Nevertheless, the high heterogeneity provided an opportunity to probe the consistency of the treatment effects across the single or combined therapy approaches used. Further, all the trials made statements of randomization and presented suitable data for this meta-analysis. Therefore, we deemed methodological quality of these studies not to be a source of heterogeneity.

Methods

Literature search

We searched PubMed, Cochrane Library, Ovid MEDLINE, Web of Science, and ClinicalKey, without year and language restrictions. We used (breast neoplasm(s) OR breast cancer) AND (albumin-bound paclitaxel OR nab-paclitaxel OR abraxane OR ABI 007) AND (paclitaxel OR sb-paclitaxel) AND (docetaxel OR taxoids) as a searching algorithm. The last search was updated on May 14, 2018. Reference lists from the relevant full texts were checked to identify other potentially eligible studies. We also manually searched the references of review articles and abstracts from American Society of Clinical Oncology Annual Meetings. Trials were potentially eligible regardless of the study phase, dose schedule, and study region. We followed the Preferred Reporting Items for Systematic Reviews and Meta-Analyses (PRISMA) guidelines with respect to our search strategy and selection process17.

Study selection and data extraction

Two reviewers independently screened the titles and abstracts of all studies identified in the literature search to verify compliance with the inclusion criteria. Disagreements between the two reviewers were resolved by consensus involving a third reviewer. The same reviewers performed data extraction and quality assessment of the included studies.

From each eligible trial, we extracted the following items: study and article characteristics (name of author and journal, year of publication, study phase, treatment line, study region), study region (number of randomly assigned patients in each arm, along with patient age data), study drug (name and dosage, schedule, combination drug if any), efficacy outcomes, adverse event outcomes, and dose discontinuation rate (DDR) due to unacceptable toxicities or adverse events (AEs) for both arms.
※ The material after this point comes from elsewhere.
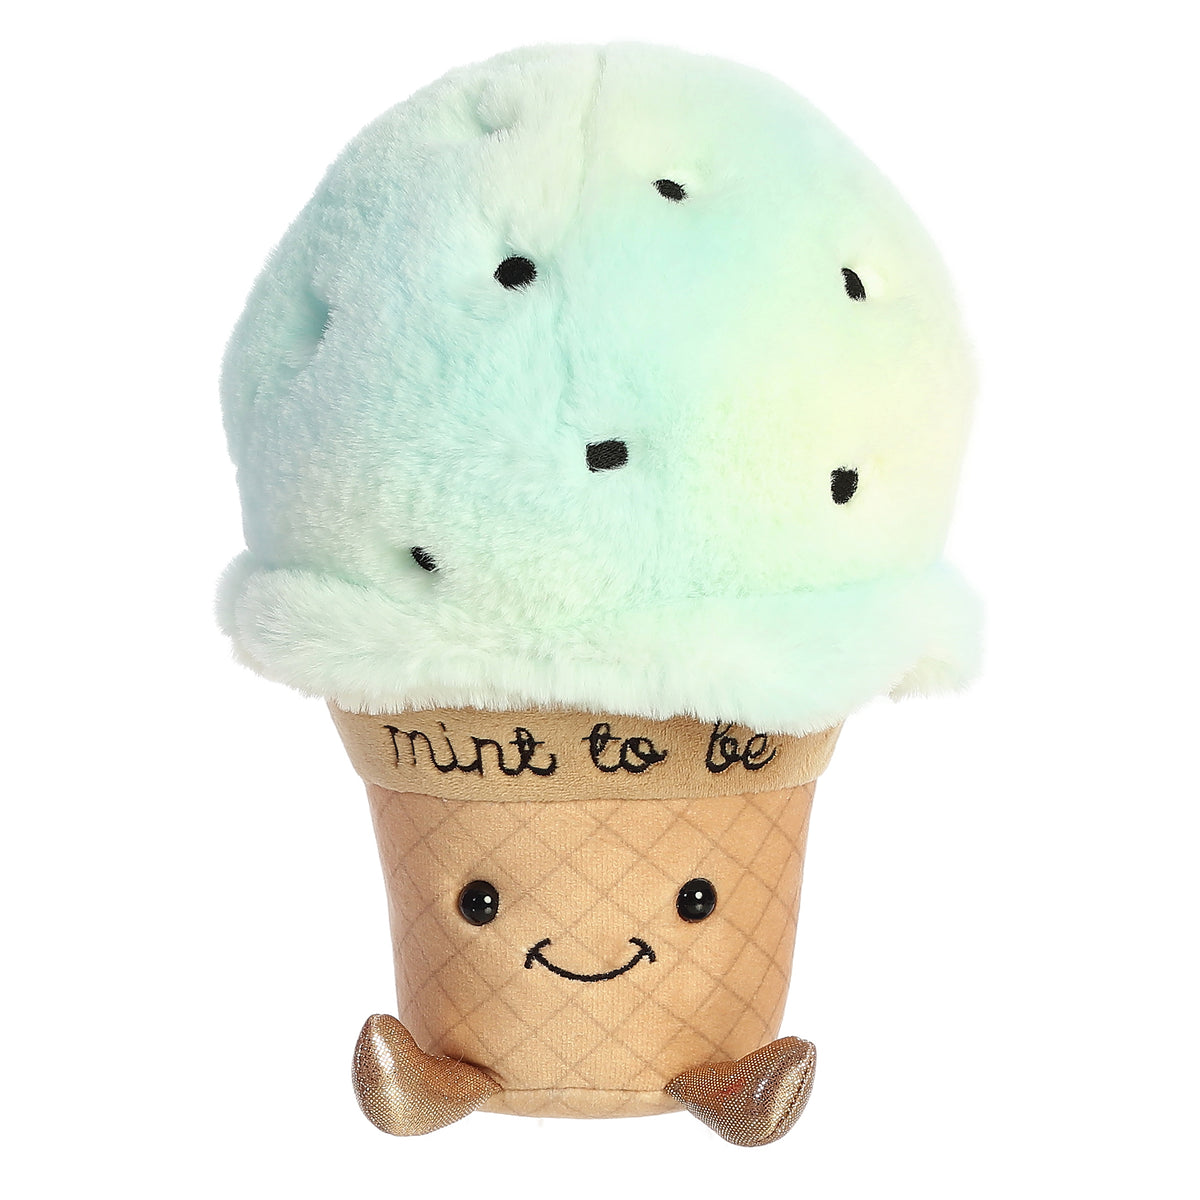 Smiling ice cream cone plush with mint chocolate chip flavor and "mint to be" text, from Aurora's Just Sayin' collection.
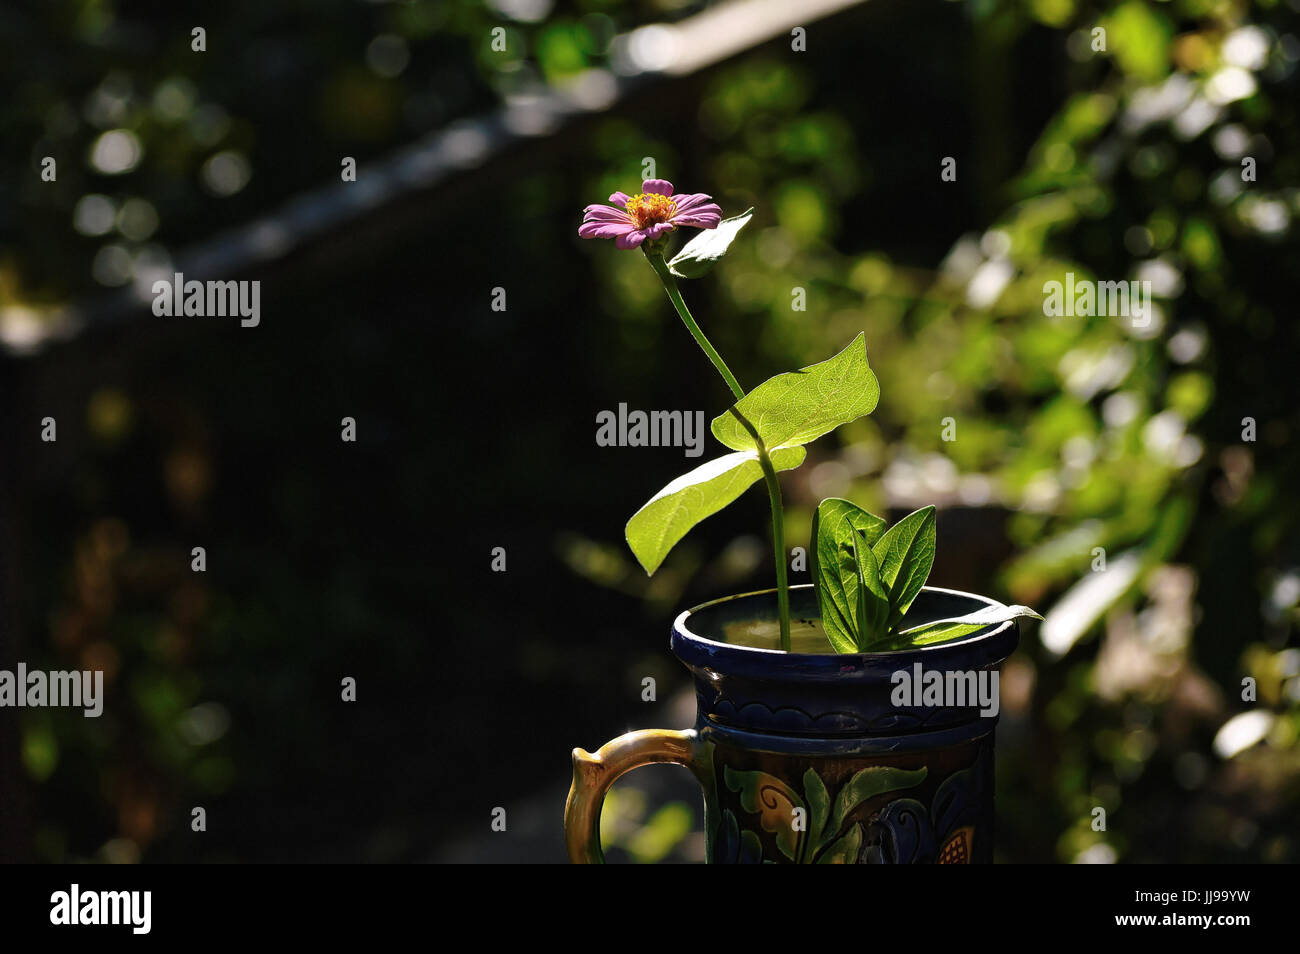 Little pink flower in a traditional vase against dark blurred background Stock Photo

The PICOS9 summary of our study is shown in Table 5.

Table 5 PICOS of this study.

End points

The primary end points were overall response rate (ORR) and DCR. Secondary end points were PFS, OS, AEs, and DDR.

Statistical analysis

For binary outcomes (ORR, DCR, AEs, and DDR), odds ratios (ORs) were calculated for each eligible study. For time-to-event outcomes (PFS and OS), hazard ratios (HRs) were calculated for each eligible study to estimate the relative risk among MBC patients receiving nab-paclitaxel vs sb-taxanes. When 95% CI data for PFS or OS were not immediately available from the original studies, we derived them using methods described by Tierney12 or NORMSINV function18.

We then synthesized the individual OR and HR data across studies using fixed effects (Mantel-Haenszel) or random effects (DerSimonia and Laird) model to obtain pooled effect sizes. Since there were many high heterogeneous variables in our analyses, we mainly adopted random effects model. The presence of statistical heterogeneity was first assessed using Cochran’s Q test (considered significant for p < 0.10)19 and quantified using I2 statistics16. In our study, when high heterogeneities were observed, we conducted subgroup analysis to explore the possible explanations for the observed heterogeneities. After the overall analysis was conducted comparing nab-paclitaxel with bevacizumab vs sb-taxanes with bevacizumab, subgroup analyses were conducted comparing nab-paclitaxel vs sb-taxane without bevacizumab in each group, which compared nab-paclitaxel vs sb-paclitaxel or nab-paclitaxel vs docetaxel. Another subgroup analysis were also conducted to compare nab-paclitaxel vs sb-taxanes based on study regions such as in western region and in eastern region each. All p-values were two-tailed. All the statistical analyses were performed using Revman software V.5.320. We assessed the methodological quality of the eligible trials using Cochrane’s Risk of Bias (RoB) tool21. The study protocol was exempted from the requirement for ethical approval by the Ewha Womans University Ethics Committee (IRB No: 163–2).

Conclusion

Nab-paclitaxel is an effective anti-tumor drug in the first-line treatment of MBC. Using nab-paclitaxel instead of sb-taxanes could significantly improve ORR and DCR with comparable toxicities and DDRs.